Nillí, en el colegio, durante ese año, había estrechado amistad con un joven compañero, hijo único de un coronel, al que tanto Carlino Sanni, como Tito Morena, habían tenido a la fuerza que acercarse, ya que los dos pequeños (los más pequeños del colegio) entraban en el salón de las visitas de los domingos cogidos de la mano y sin querer separarse uno de otro. El coronel y la mujer le agradecían mucho a Nillí el afecto y la protección que le daba al pequeño amigo, el cual, aun siendo de su misma edad, parecía menor, por la rubia gracilidad femenina y por la timidez. Nillí, habiendo crecido en el campo, era moreno, robusto, sanguíneo y muy vivaz. El amor de ese pequeño por Nillí tenía algo de morboso; y enternecía bastante a la mujer del coronel. Al final del curso, este murió de pronto, una noche, allí en el colegio, como un pajarito, después de haber pedido y bebido un sorbo de agua.

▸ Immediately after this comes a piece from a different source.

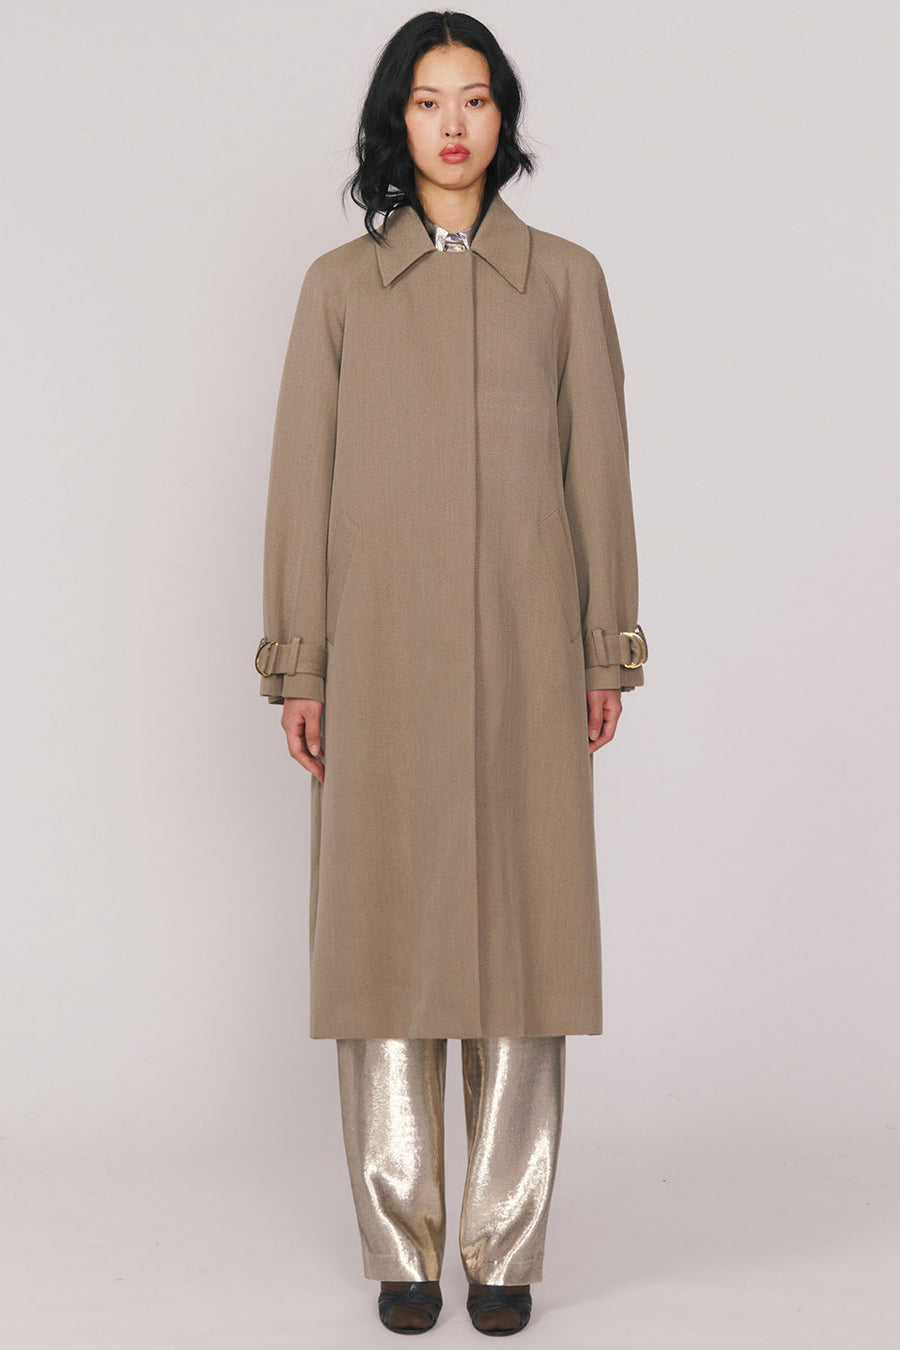 INDRESS - Trench Coat Jean Genie

El coronel, para contentar a la mujer inconsolable, sabiendo por el director del colegio que Nillí era huérfano, y que esos dos señores que venían los domingos a visitarlo eran sus tíos, hizo por medio del director mismo la propuesta de adoptar al niño, a quien el pequeño difunto estaba tan unido por tanto amor.
Carlino Sanni y Tito Morena pidieron un poco de tiempo para reflexionar: consideraron que su condición y la de Nillí se volvería con los años cada vez más difícil y triste; consideraron que ese coronel y su mujer eran dos buenas personas; que la mujer era muy rica y que, por ello, para Nillí esa adopción sería una fortuna; le preguntaron a Nillí si le agradaba ocupar el sitio de su amiguito en el corazón y en la casa de esos dos pobres padres; y Nillí, que por los diálogos y los consejos de la nodriza tenía que haber comprendido, distraídamente, algo, dijo que sí, pero a condición de que los dos tíos vinieran a visitarlo a menudo, pero juntos, siempre juntos, a casa de los padres adoptivos.
Y así Carlino Sanni y Tito Morena, ahora que el hijo ya no podía ser ni de uno ni de otro, volvieron de nuevo poco a poco a ser amigos como antes.